# THE DATA
##########

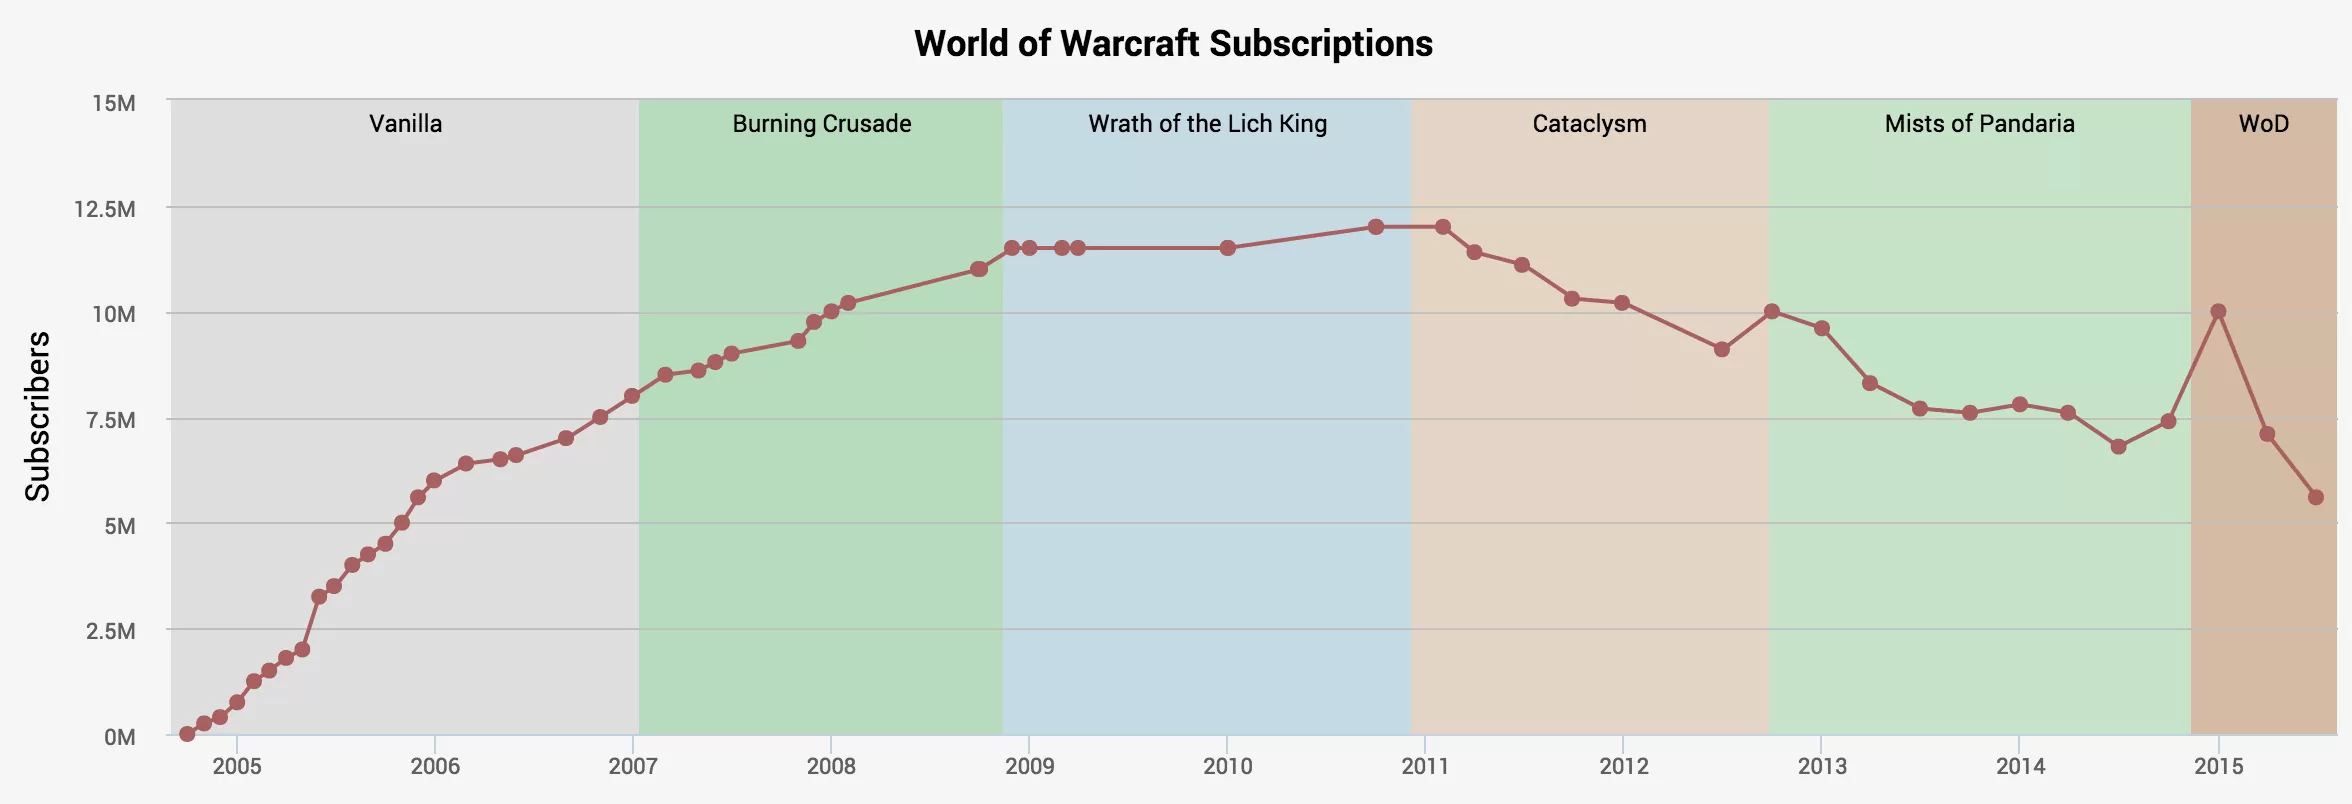 Blizzard acaba de darnos una pista de cuántos suscriptores de World of Warcraft quedan (y todavía son millones)
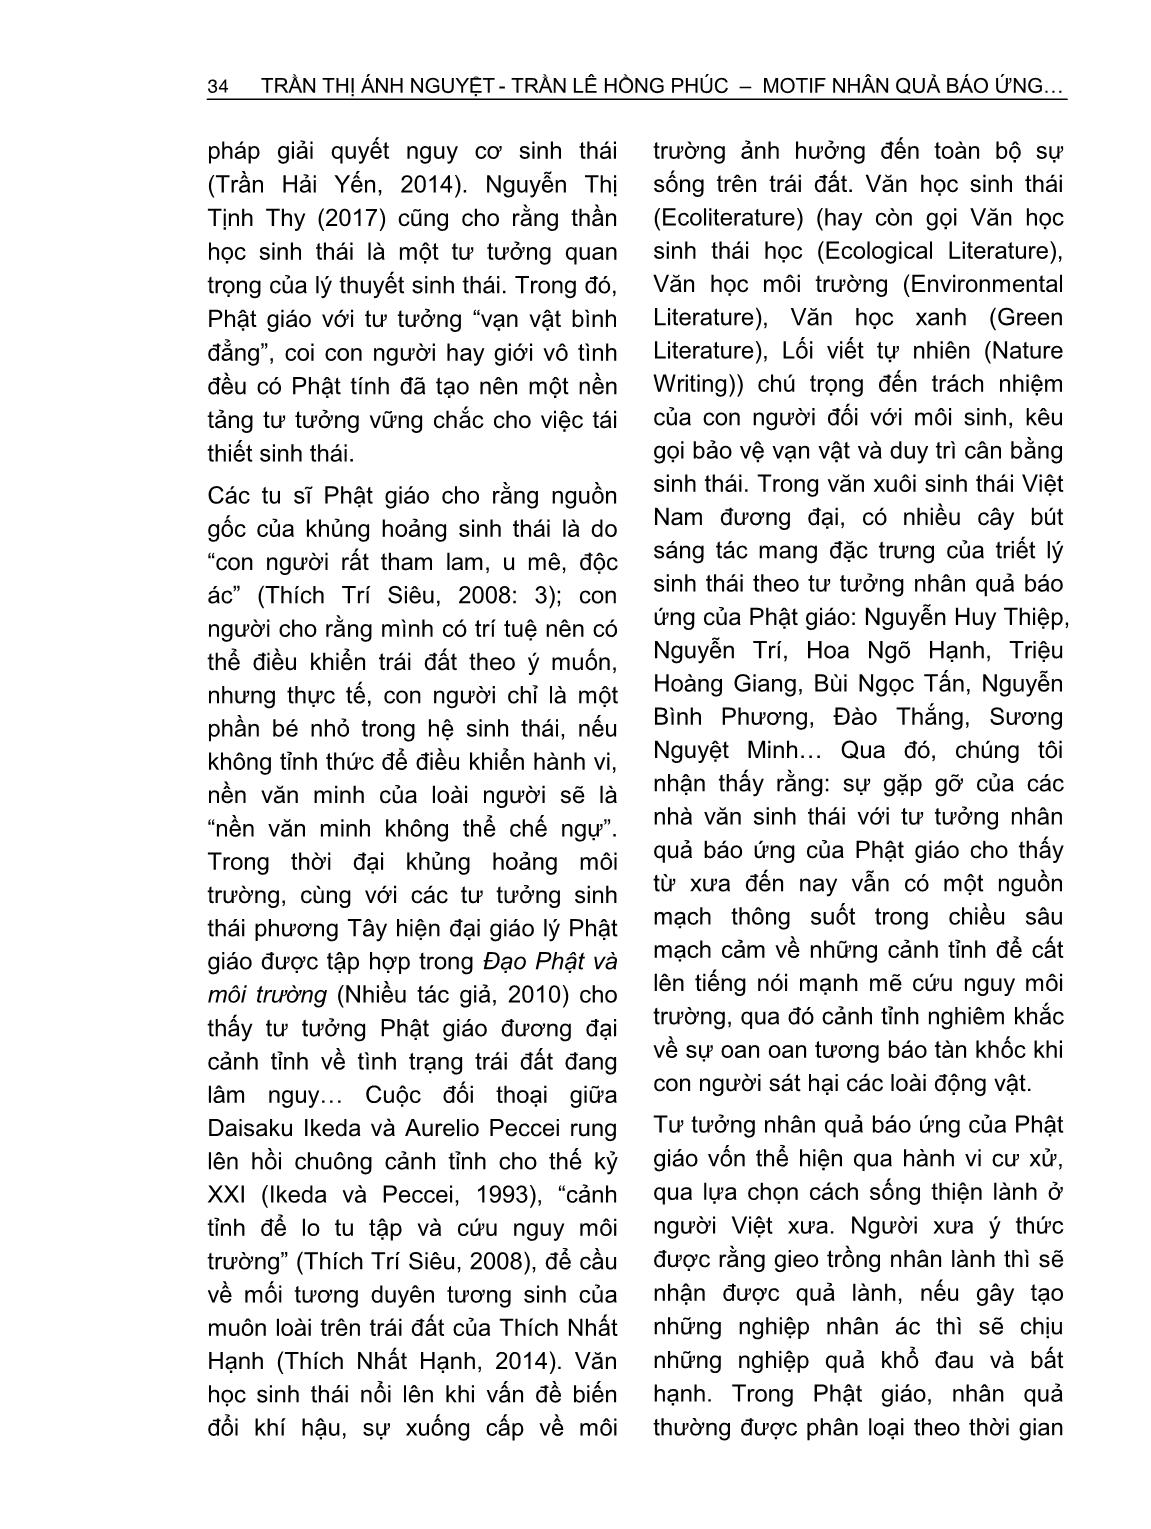 Motif nhân quả báo ứng trong văn xuôi sinh thái Việt Nam đương đại từ góc nhìn Phật Giáo trang 2
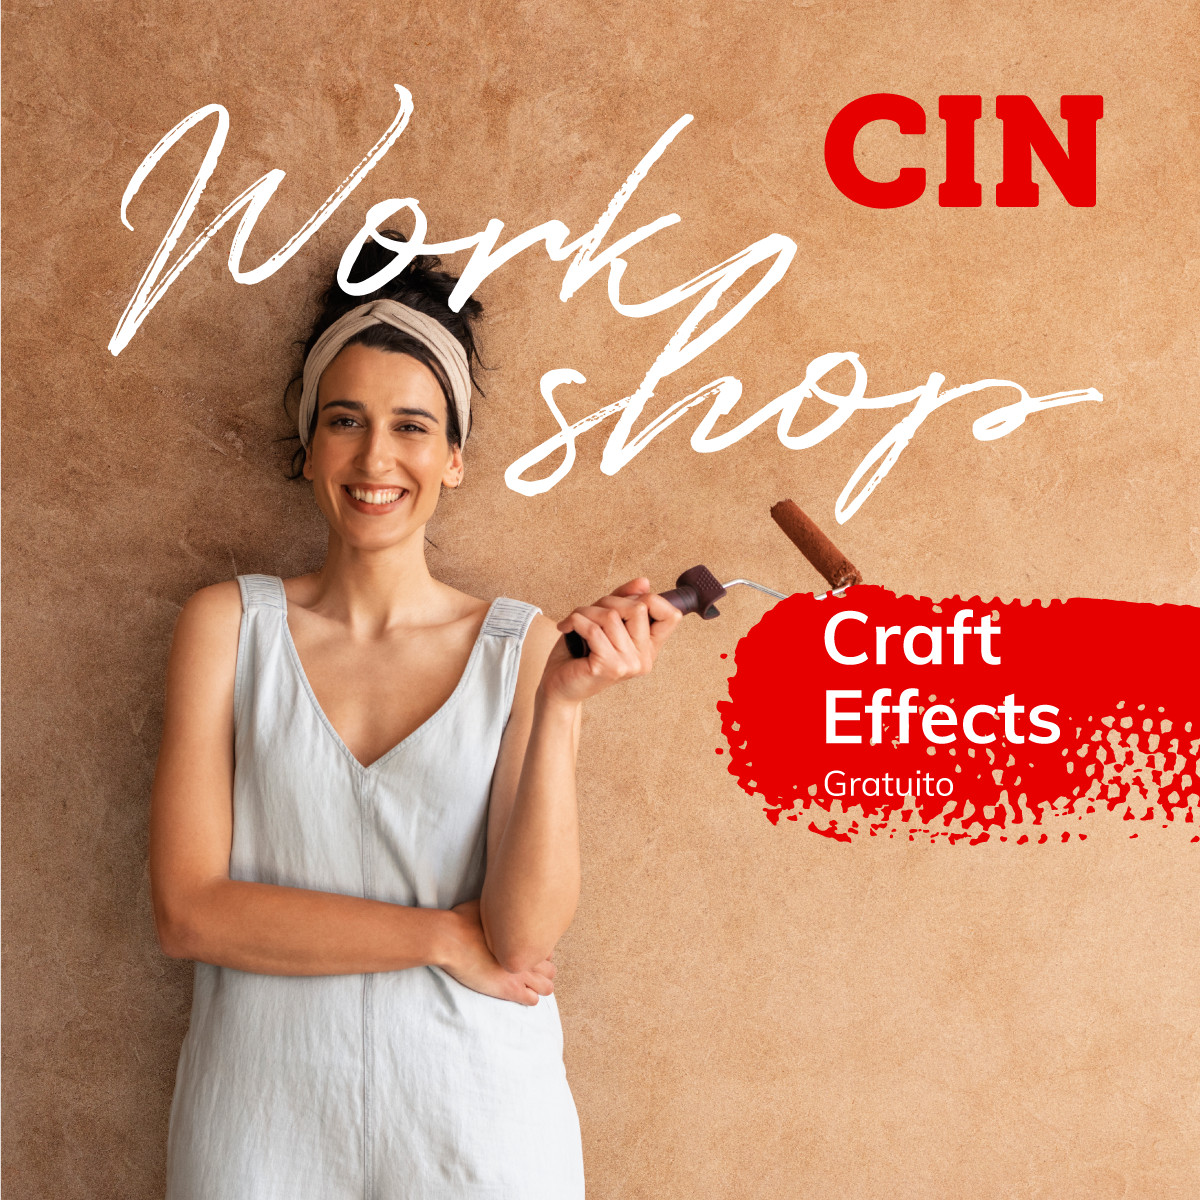 Workshops gratuitos CIN regressam para ensinar técnicas simples de pintura e decoração
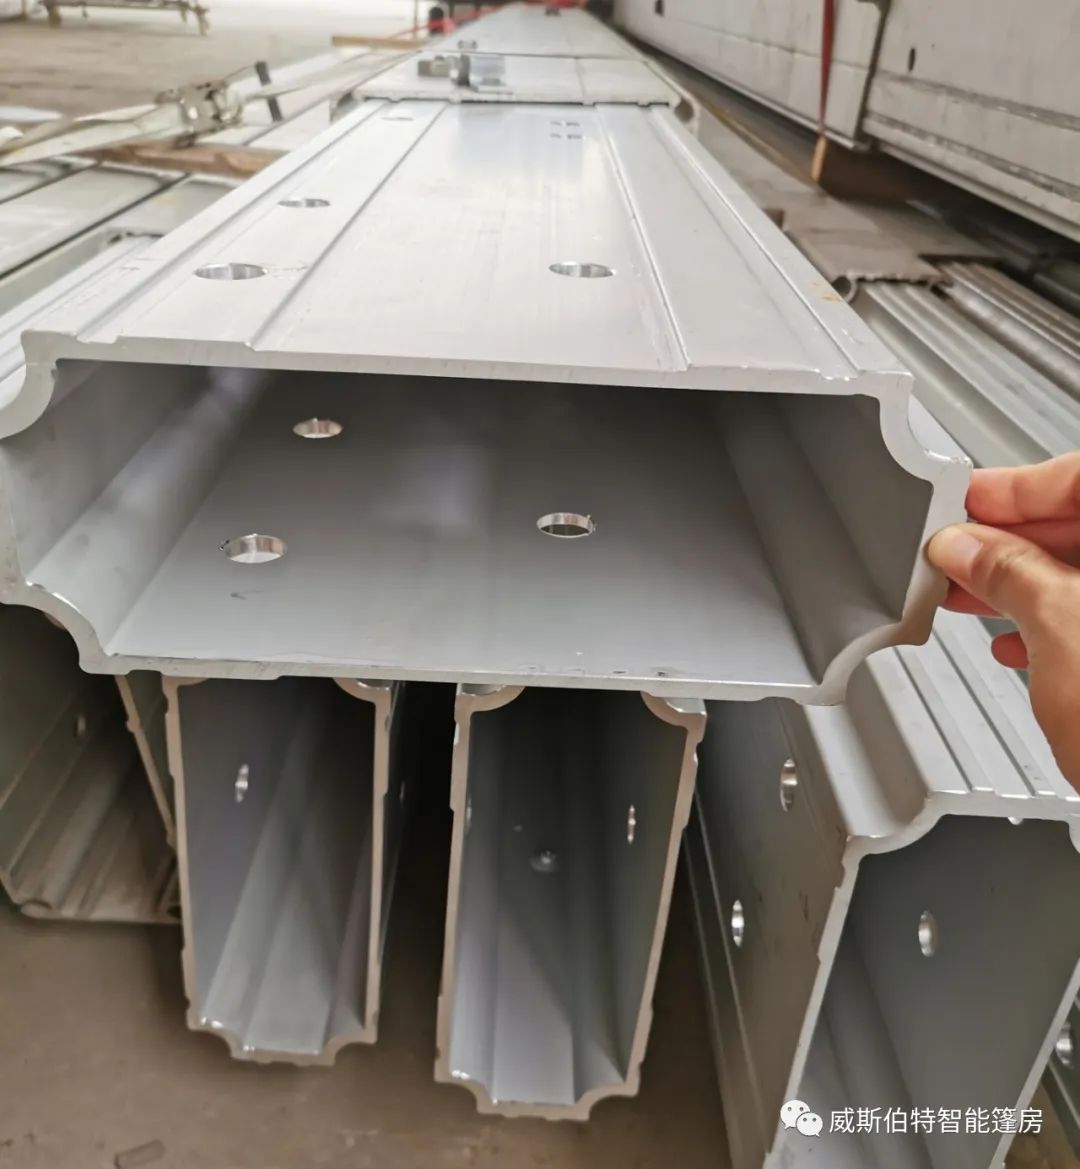 一篇文章讲清楚模块化装配式铝合金篷房建筑为什么使用6系铝合金作为主型材

##########

# TASK TO COMPLETE
Write out the whole of the data exactly; the pictures stay out.

# SOLVED PROBLEM
 Blizzard acaba de darnos una pista de cuántos suscriptores de World of Warcraft quedan (y todavía son millones)
 Motif nhân quả báo ứng trong văn xuôi sinh thái Việt Nam đương đại từ góc nhìn Phật Giáo trang 2
 Workshops gratuitos CIN regressam para ensinar técnicas simples de pintura e decoração
 一篇文章讲清楚模块化装配式铝合金篷房建筑为什么使用6系铝合金作为主型材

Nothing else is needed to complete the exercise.